**What you have to do:** Print the lines below from the line with "THALIA SODI Womens" to the line with "Ferragamo Leather Gancio" exactly, keeping both ends, and print no pictures.

**Extracted information:**
┄┄┄┄┄┄┄┄┄┄
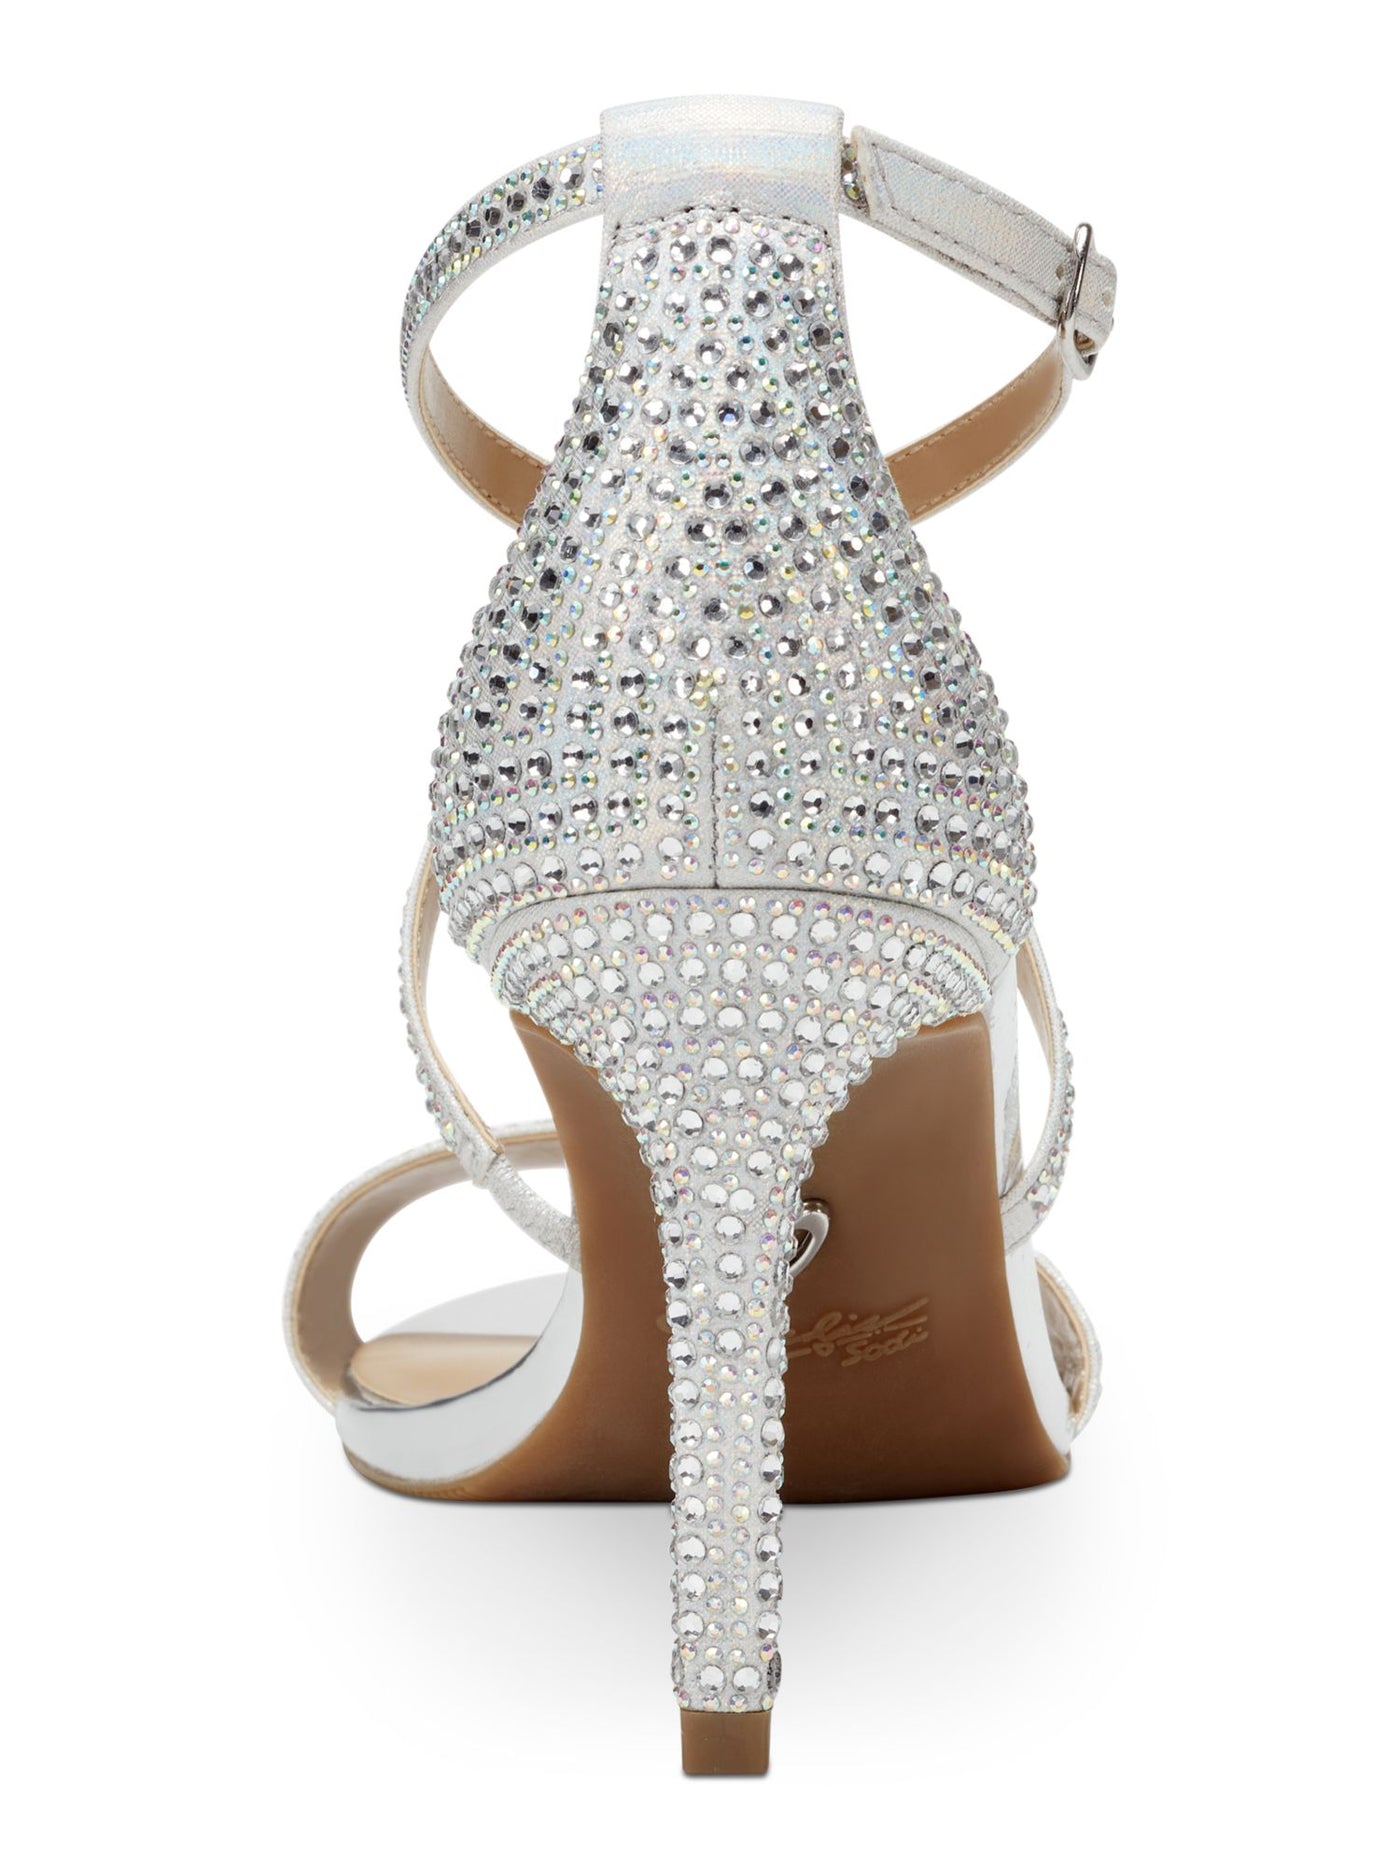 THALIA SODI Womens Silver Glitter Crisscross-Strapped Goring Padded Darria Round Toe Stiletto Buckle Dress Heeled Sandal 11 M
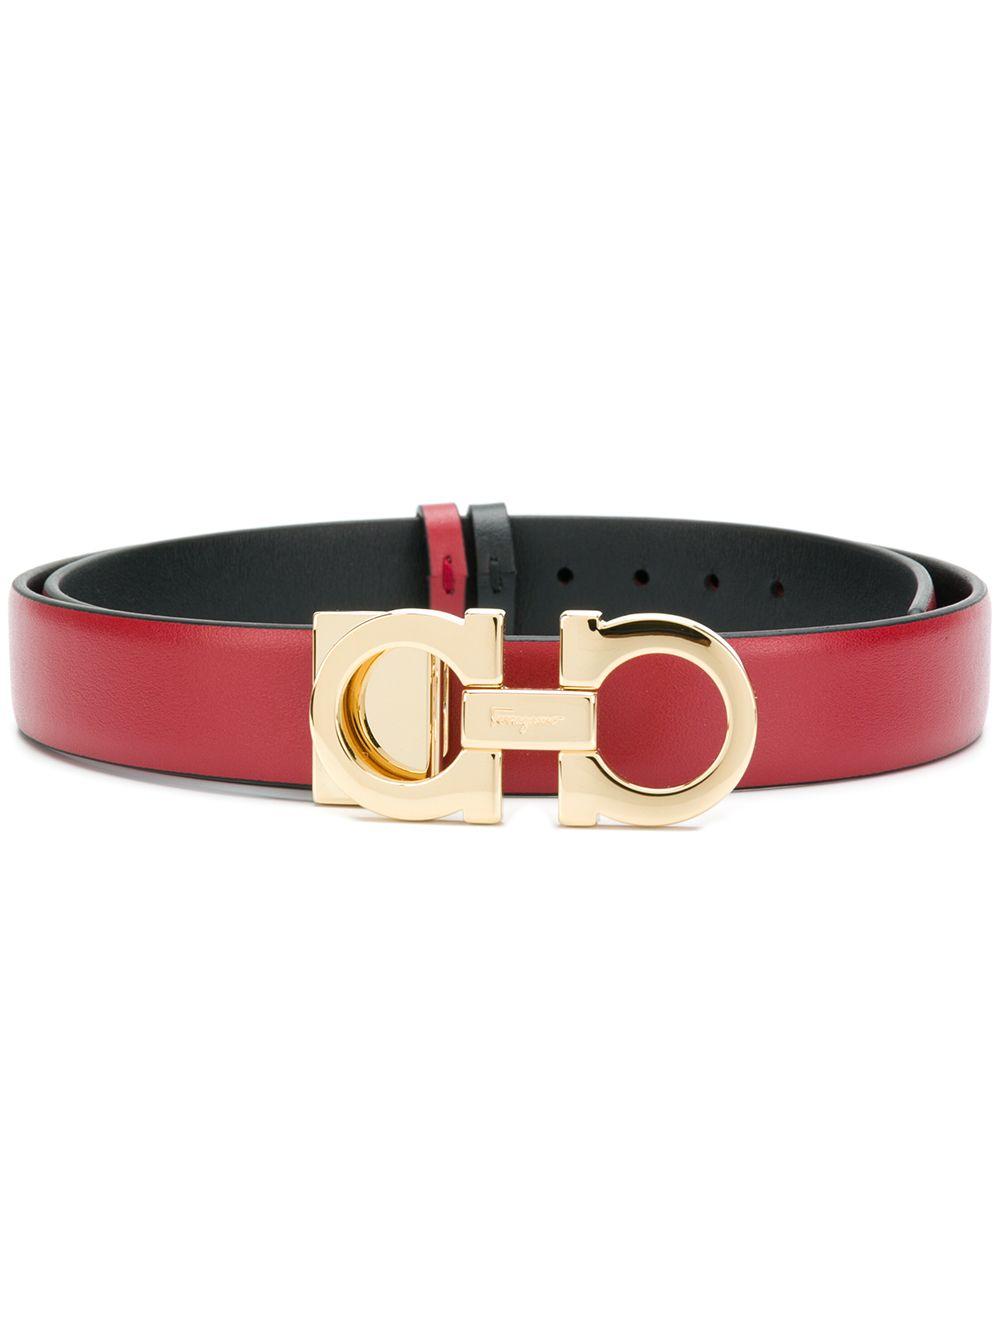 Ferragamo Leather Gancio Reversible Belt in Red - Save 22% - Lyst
┄┄┄┄┄┄┄┄┄┄
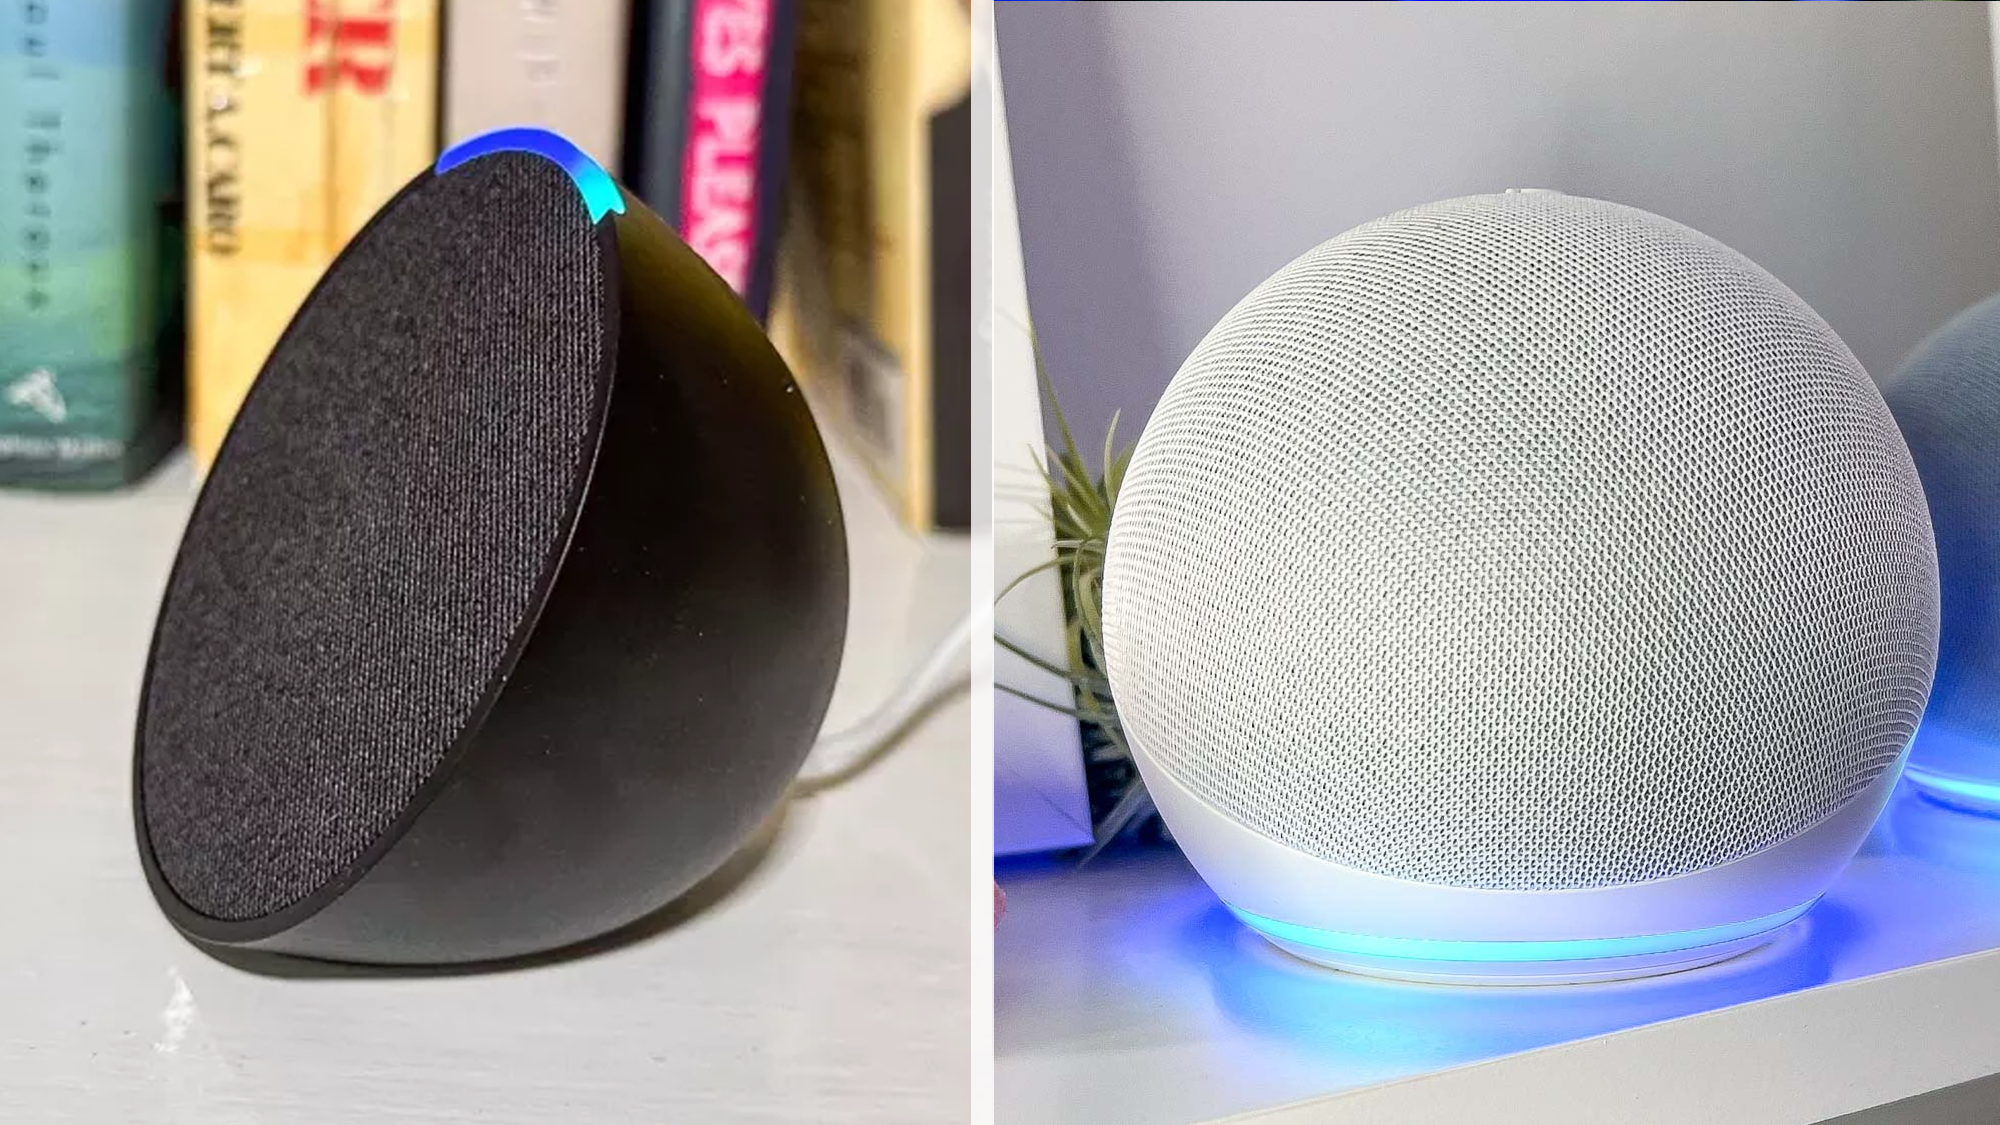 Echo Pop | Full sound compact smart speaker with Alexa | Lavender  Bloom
┄┄┄┄┄┄┄┄┄┄
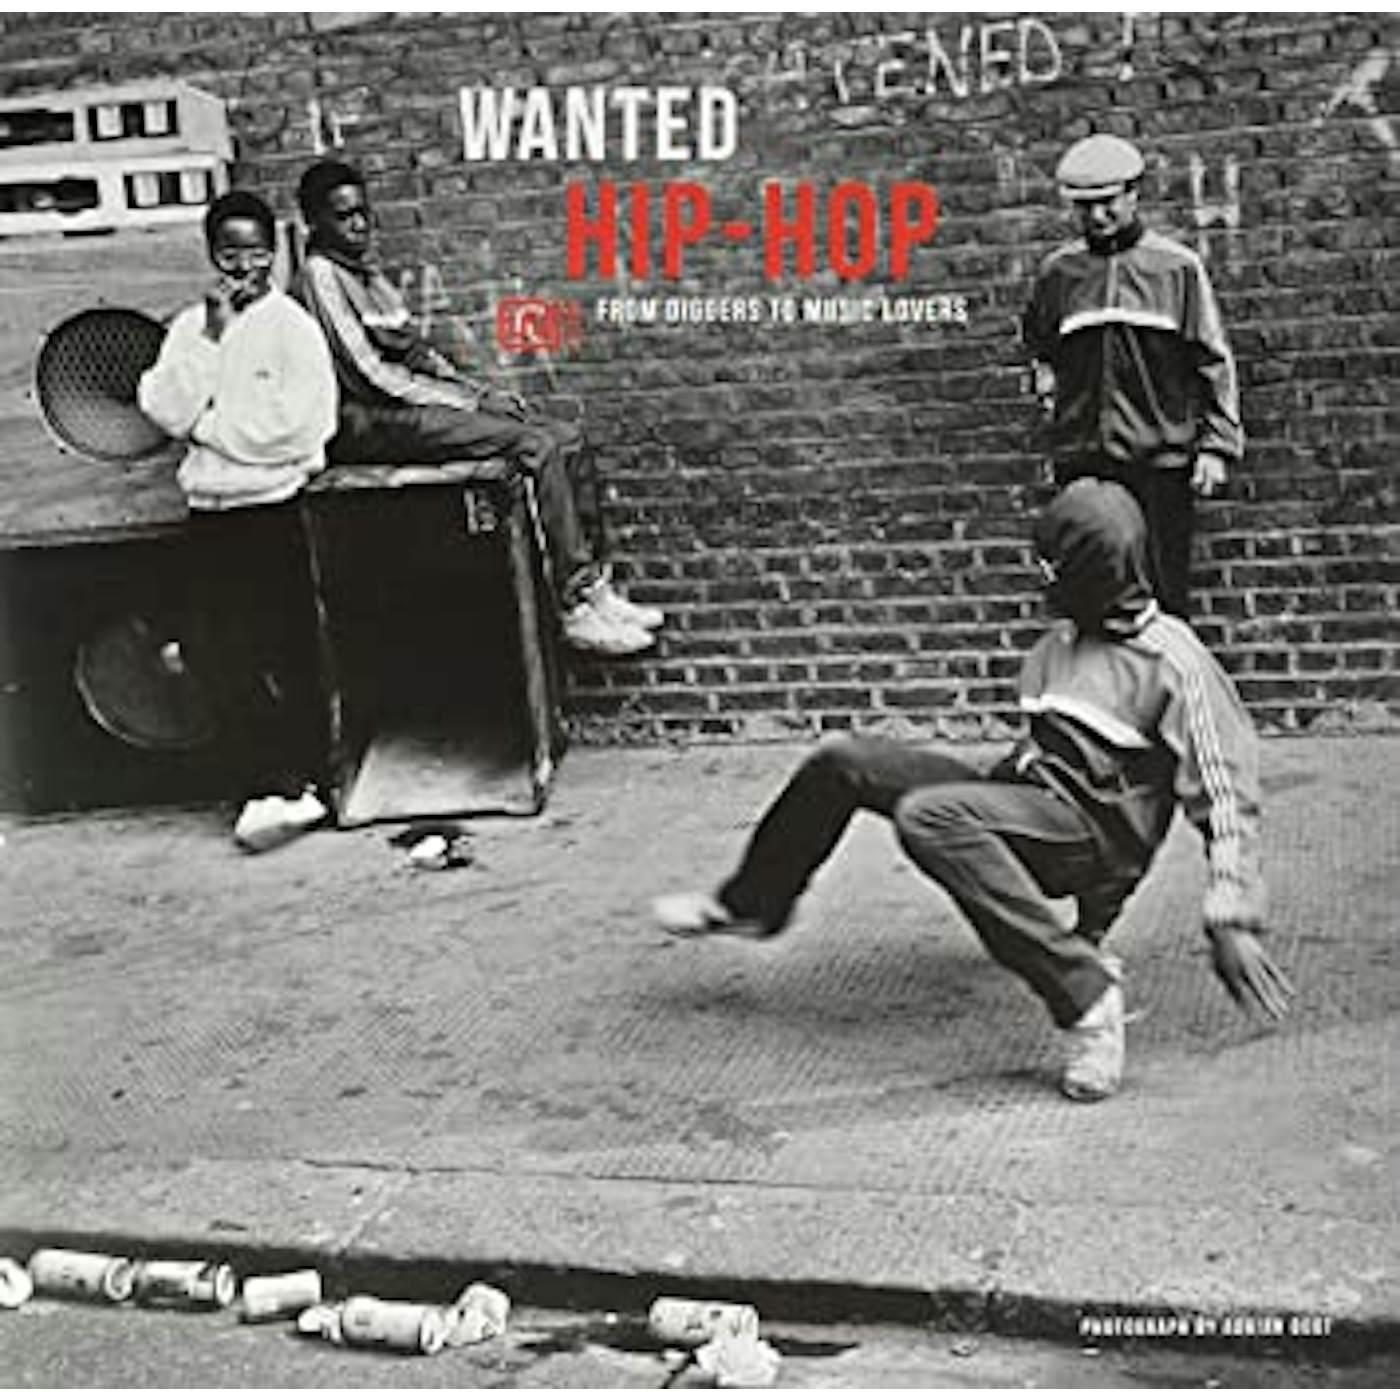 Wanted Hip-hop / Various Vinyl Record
┄┄┄┄┄┄┄┄┄┄
**Written solution:**
 THALIA SODI Womens Silver Glitter Crisscross-Strapped Goring Padded Darria Round Toe Stiletto Buckle Dress Heeled Sandal 11 M
 Ferragamo Leather Gancio Reversible Belt in Red - Save 22% - Lyst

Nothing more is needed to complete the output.